PR measurement and why you should marry a statistician

About the author

Paul Noble FCIPR is co-author of Evaluating Public Relations and has contributed the research and evaluation chapter in Exploring Public Relations.

I’m a great fan of the Integrated Evaluation Framework launched by AMEC in 2016, and fine tuned earlier this year.

Why? Well it’s an online tool that that is available to everybody; you don’t have to be a member of AMEC to access it. And it gets better in that it’s simple and free – now that’s my sort of resource!

I’m tempted to say that the devil is in the detail, but the devil has come nowhere near it. Instead, the strength of the framework is in the detail, specifically the guidance supplied in the excellent supporting documentation that underpins it. I’m a fan of the taxonomy developed for AMEC by Professor Jim Macnamara.

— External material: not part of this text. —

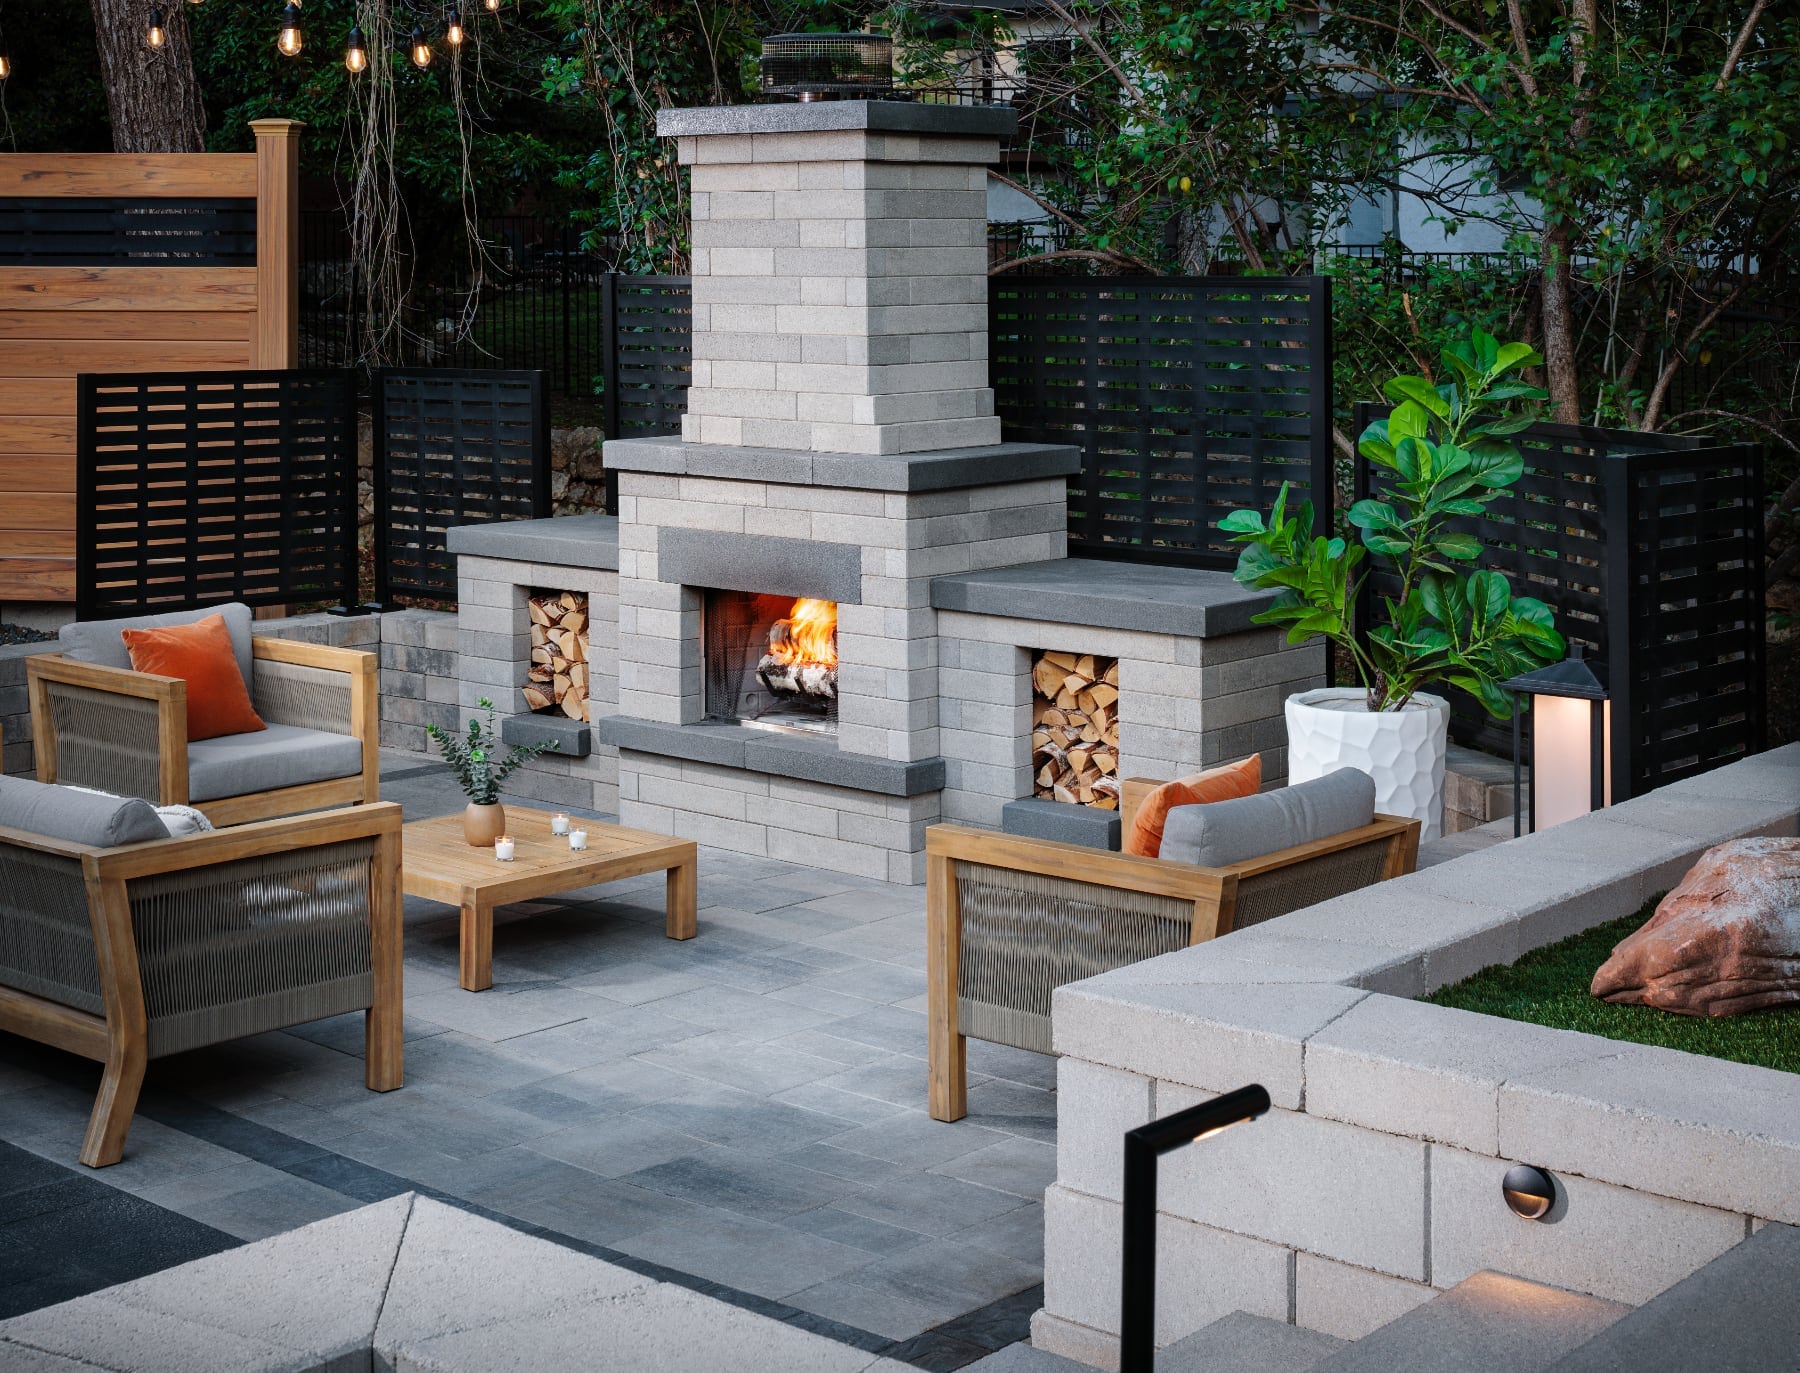 An outdoor living room with a fireplace
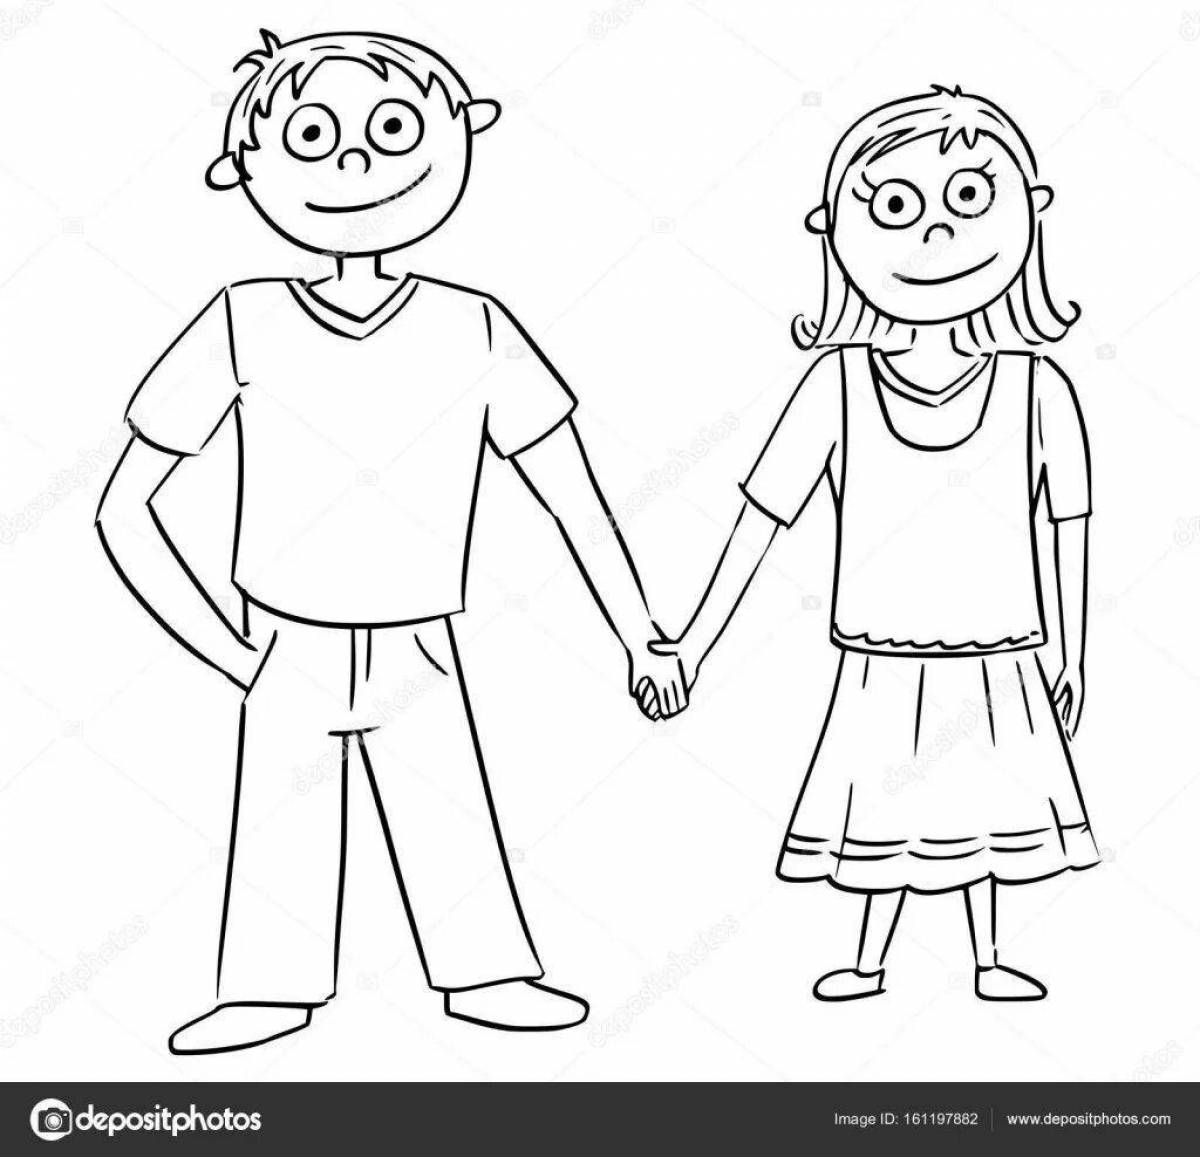 Coloring page cute boy and girl holding hands

So, what I’ve done is trawled through the taxonomy and thrown in a few thoughts of my own to come up with nine steps to evaluation wisdom:

Do some proper situational and audience analysis before you start. Use PEST & SWOT analyses as well as stakeholder mapping. Don’t consign them to an appendix, take the revolutionary step of using them to inform your communications instead.

  1. Distinguish outputs, outtakes and outcomes.
  2. Focus on baselines (starting points) and benchmarks – comparative evaluation works well.
  3. Real women and real men use SMART objectives. Any other sort of objective is for wimps.
  4. Use the taxonomy to put concepts, metrics, methods and the like in the right place at the right time.
  5. Not all evaluation can measure impact, particularly in the short term. I like to separate intermediate outcomes (months) and long-term outcomes (years).
  6. Evaluating organisational, stakeholder and societal impacts requires an understanding of causation, correlations and econometrics.
  7. The taxonomy gives you the key rules of causation. For the rest, you will need to marry a statistician – your current partner won’t mind because when you retire and get back together again you’ll be rich.
  8. Do some proper research. And if you can’t, then piggyback on research others are doing (in the spirit of an omnibus survey). If that doesn’t work ask a passing expert who knows what is going on.
  9. Remember it’s all an iterative process. Tracking outputs will enable you to adjust your processes. Learn from outcome evaluation to improve the next campaign(s).

Finally, a tiny footnote about AMEC. It’s a rarity in changing its name but not its acronym. It is the international Association for the Measurement and Evaluation of Communications. It was the Association of Media Evaluation Companies. Not as trivial a point as it might seem: the change illustrates the positive developments in the communications evaluation industry over recent years.